Un grand tumulte succéda aux paroles de l’artisan ; il prit l’un des flambeaux, courut à l’entrée du couloir masqué par le bloc de pierre, et pénétra dans l’étroite ouverture en disant :

— Suivez-moi… je connais le chemin !

— Frères ! — s’écria le vicomte de Plouernel, — nous tous hommes d’épée qui sommes ici, restons ; le guet n’osera mettre la main sur nous, la cour compte avec nos familles… Mais vous, Calvin, et tous ceux que le privilège ne met pas à l’abri des poursuites de nos ennemis, fuyez !

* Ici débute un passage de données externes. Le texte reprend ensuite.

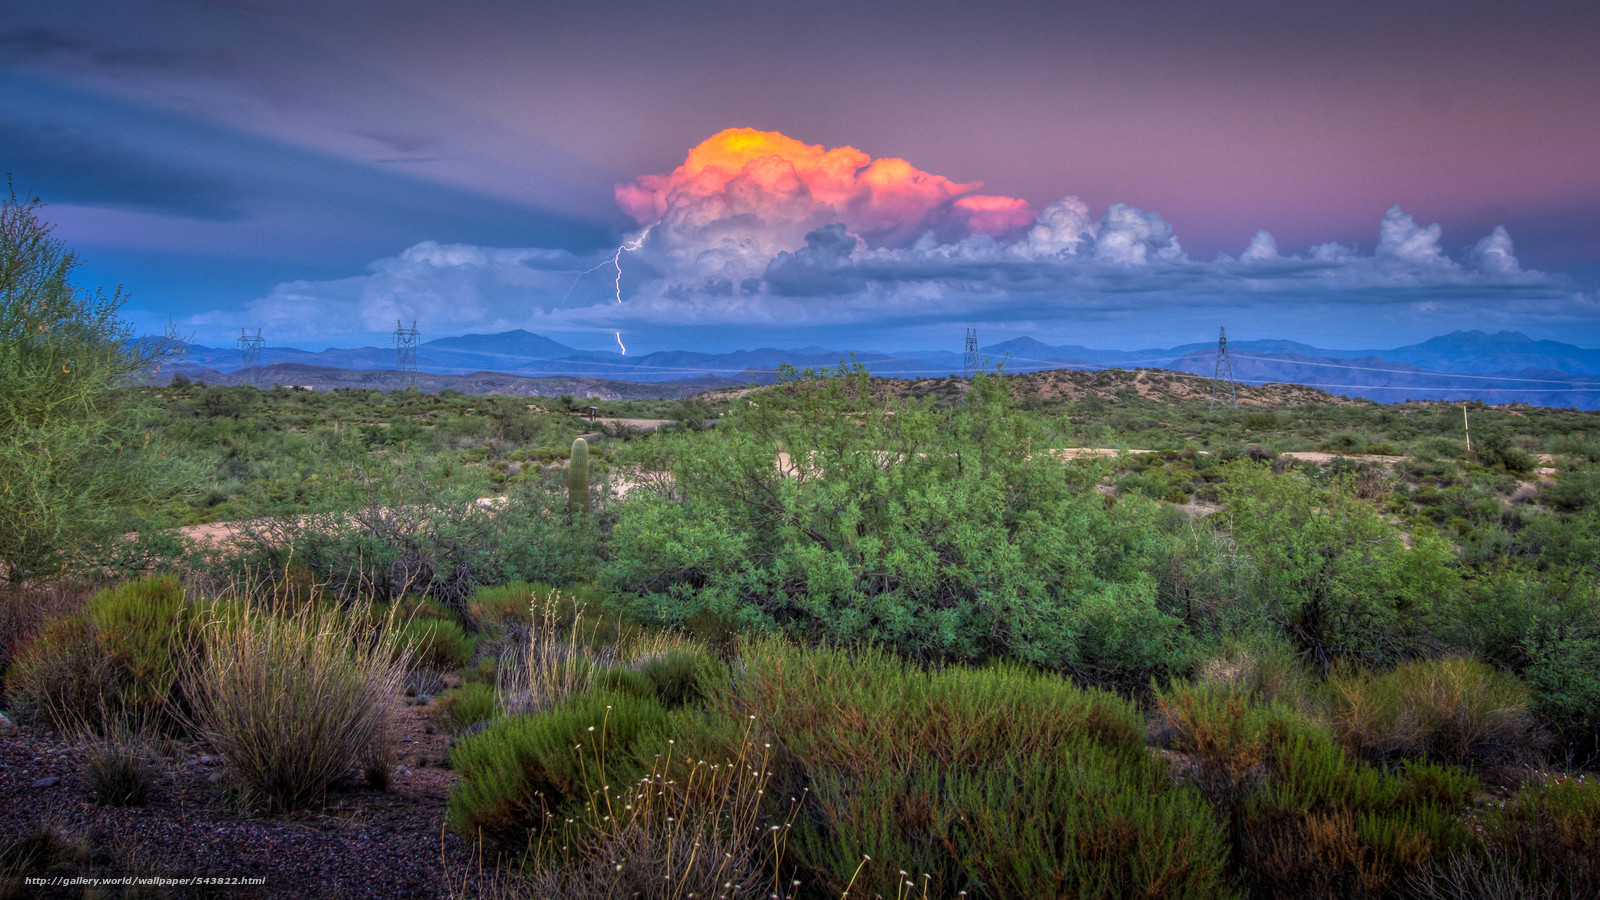 Download wallpaper strike thunderhead Scottsdale Arizona free
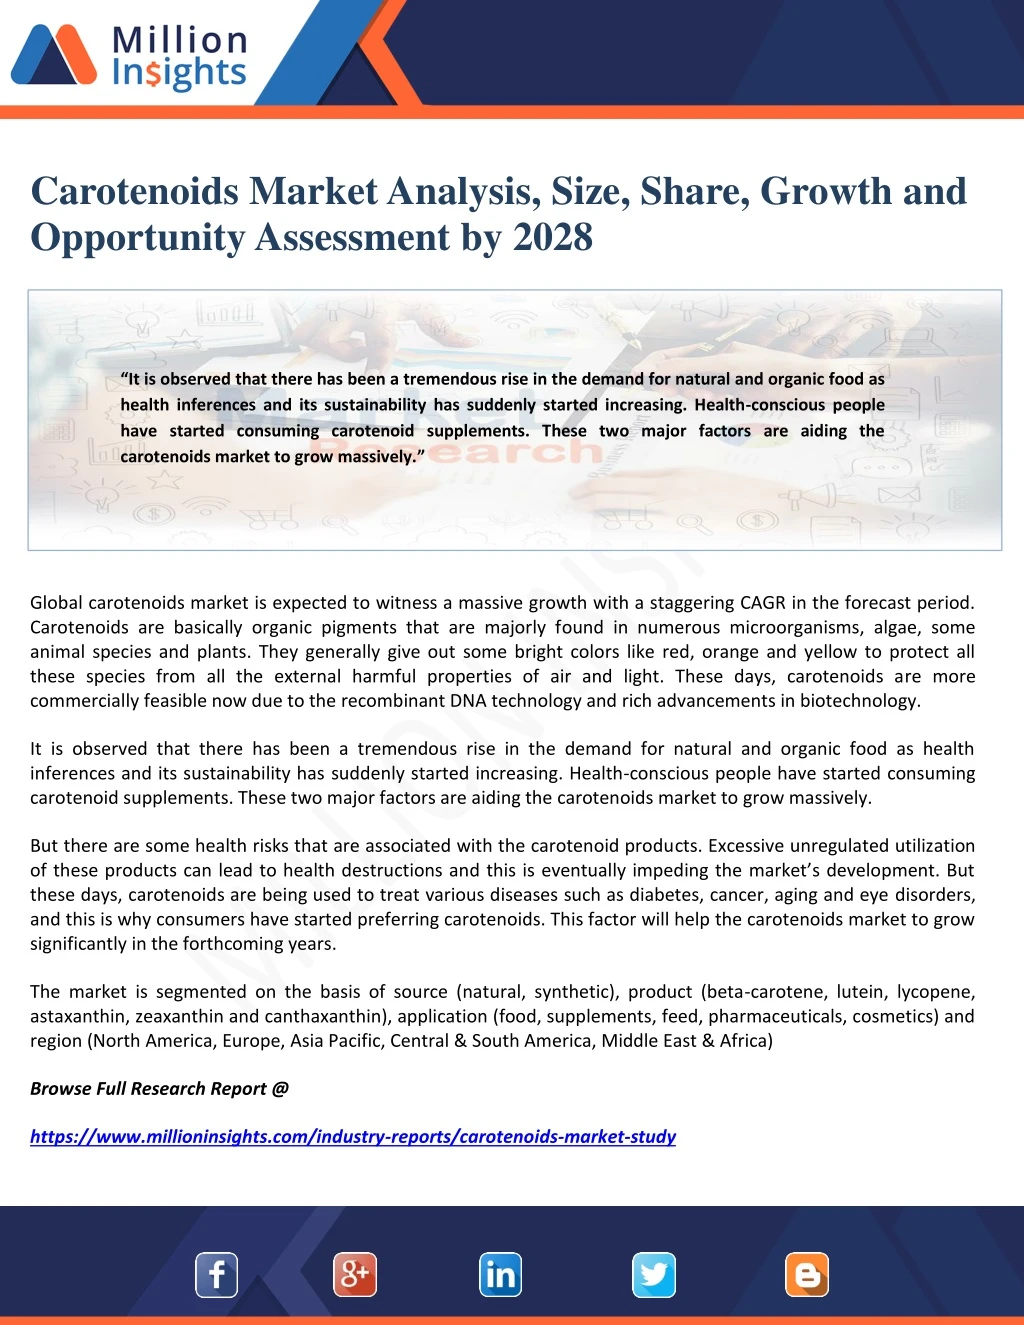 carotenoids market analysis size share growth

— Vous pouvez fuir avec sécurité, — ajouta Gaspard de Coligny ; — les archers du guet nous trouvant ici ne pousseront pas plus loin leurs recherches.

— S’ils découvraient la seconde issue par laquelle vous allez vous échapper, — ajouta le prince Karl de Gerolstein, — nous mettrions l’épée à la main ; nous sommes ici une vingtaine capables de tenir le guet en respect pendant que vous gagnerez au large.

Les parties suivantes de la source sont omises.